Fig.1. Excerpt of a business meeting on strategies to counter new science on ED.

Chorus: Is this where we feign surprise? Because we gotta tell you, we just came from Lysistrata, and this isn’t so surprising.

Narrator: Oh chorus, how you mock the conventions of the theater. Getting back to my earlier train of thought, before the tobacco guys derailed us….The WP article has a telling passage that helps explain why this situation is not so simply reduced to good science/bad science, and it’s worth repeating it here: “A decade ago, Frederick vom Saal, a reproductive scientist at University of Missouri at Columbia, came up with a different research strategy. He theorized that because BPA can mimic estrogen, a female sex hormone, minuscule amounts introduced to fetuses or infants could change cell structure and cause significant health problems later in life. He found that doses 25,000 times below what the government has labeled as safe harmed developing cells in mice.”

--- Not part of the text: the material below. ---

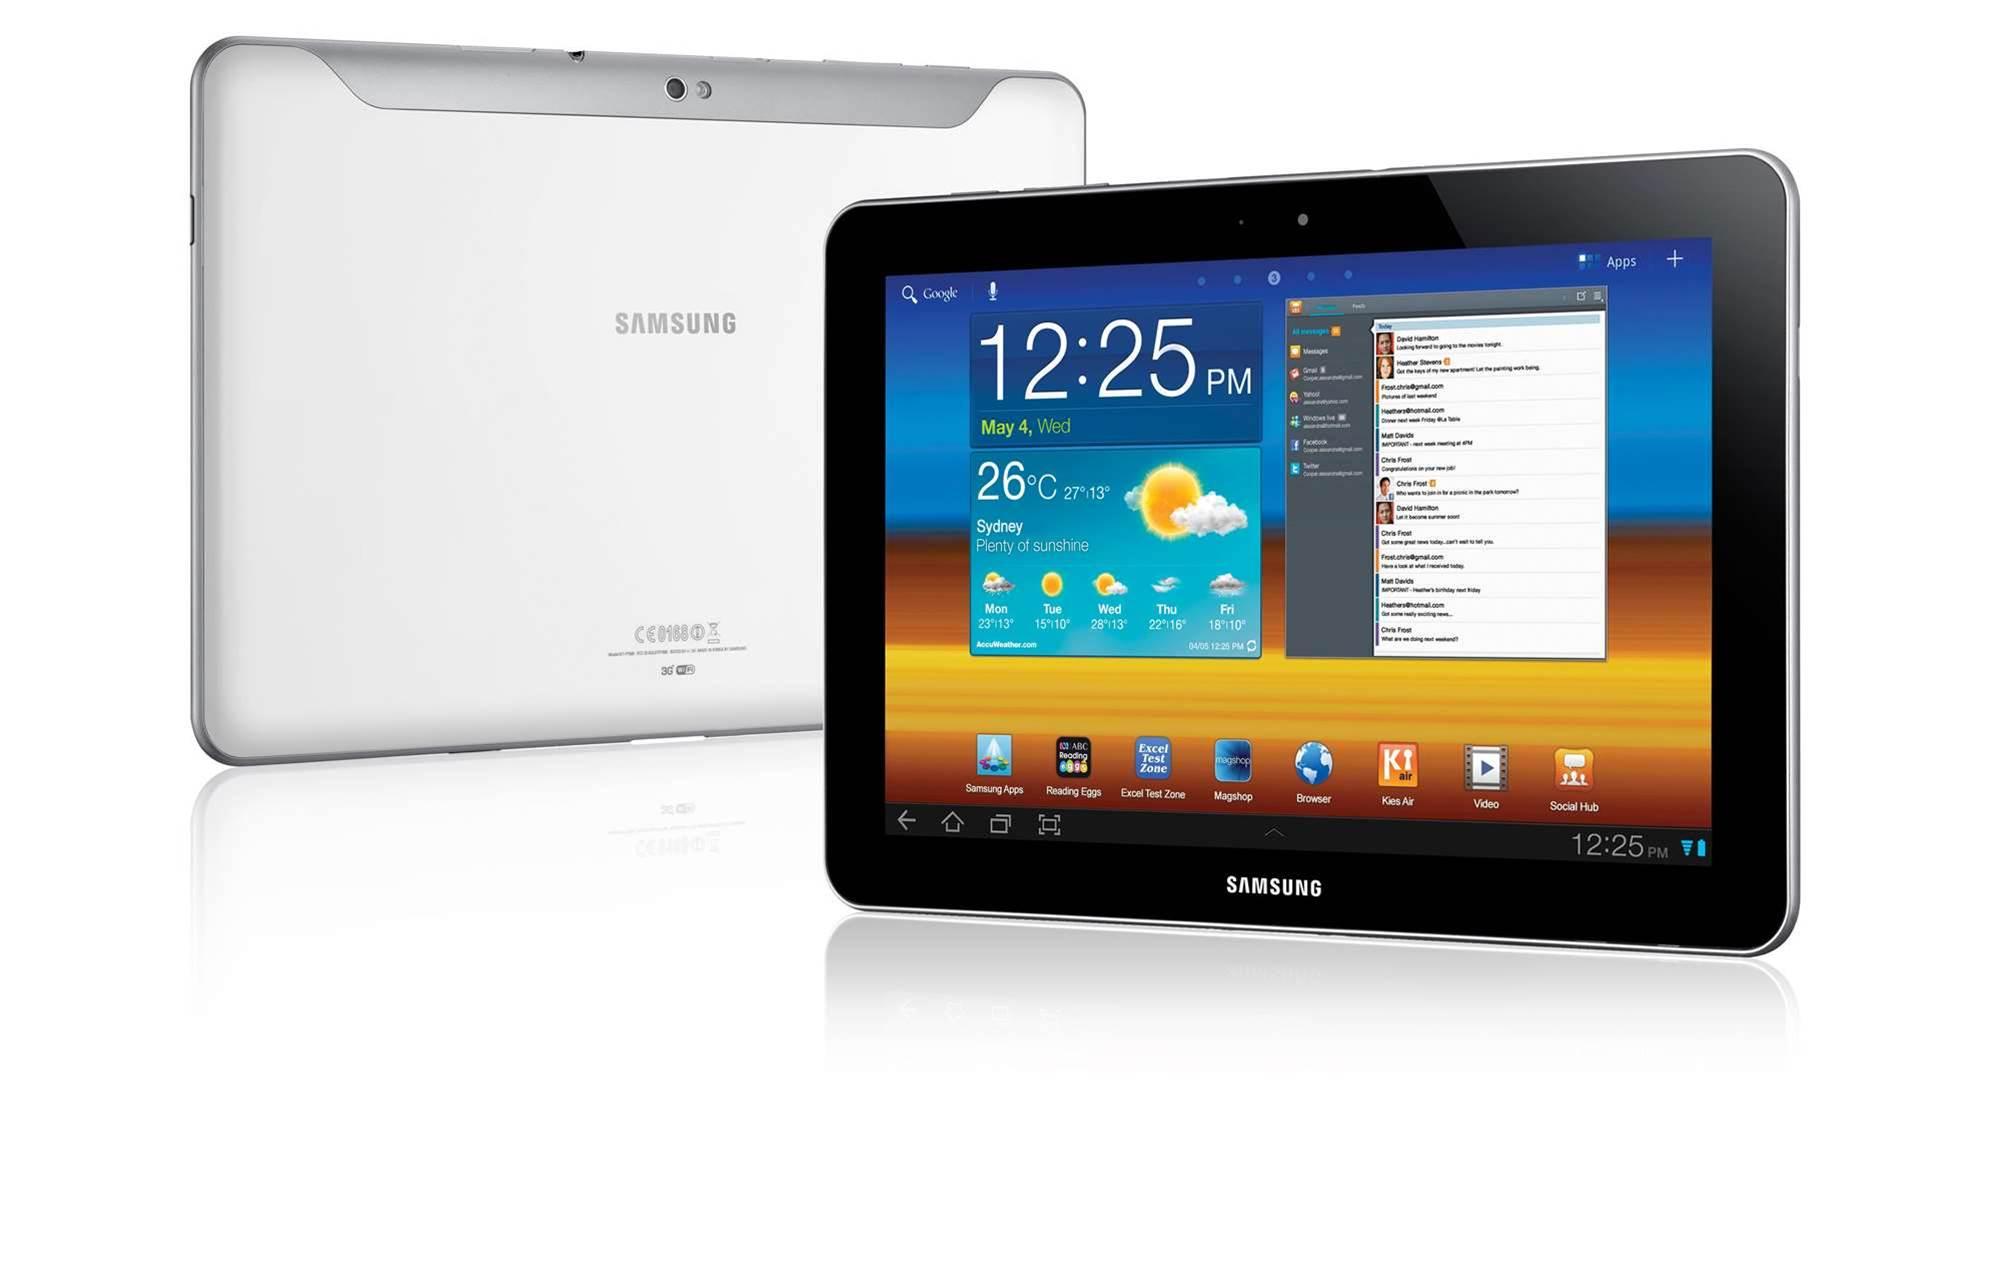 Vodafone, Optus to stock Samsung Galaxy Tab 10.1

Everyone else: So what’s that mean?

A different someone else: Oh, what you mean is, at first, for the first few decades of minor research on the subject, if I can quote that Sarah Vogel, “The idea was: Look, this stuff is at such low levels, it really couldn’t effect any harm.” This was a research regime, a way to identity and approach issues of public health and safety with new products. But eventually other kinds of researchers opened up other kinds of questions. And it turns out that it isn’t just what answer you get, but what questions you ask? Vom Saal “came up with a different research strategy.”

Narrator: I’d say that’s a good way to put it, yes.

Vice president of products divisions for the American Chemistry Council, Sharon Kneiss: Yet I “said in a conference call with reporters two weeks ago that industry research is unassailable. ‘We make it a policy to supply government agencies with data, and we have done it in the case of BPA,’ [I] said. ‘We supplied studies following the highest levels of quality in terms of their study. We stand behind the quality of the studies.’”

Unconvinced member of the public (i.e., everyone else): Yes, I expected that you would say that.

Dow Chemical spokesman: “We categorically reject any suggestion that what we did was in any way unethical.”

Anybody else in the universe: You’re kidding us, right? I thought this was a tragedy, not a comedy.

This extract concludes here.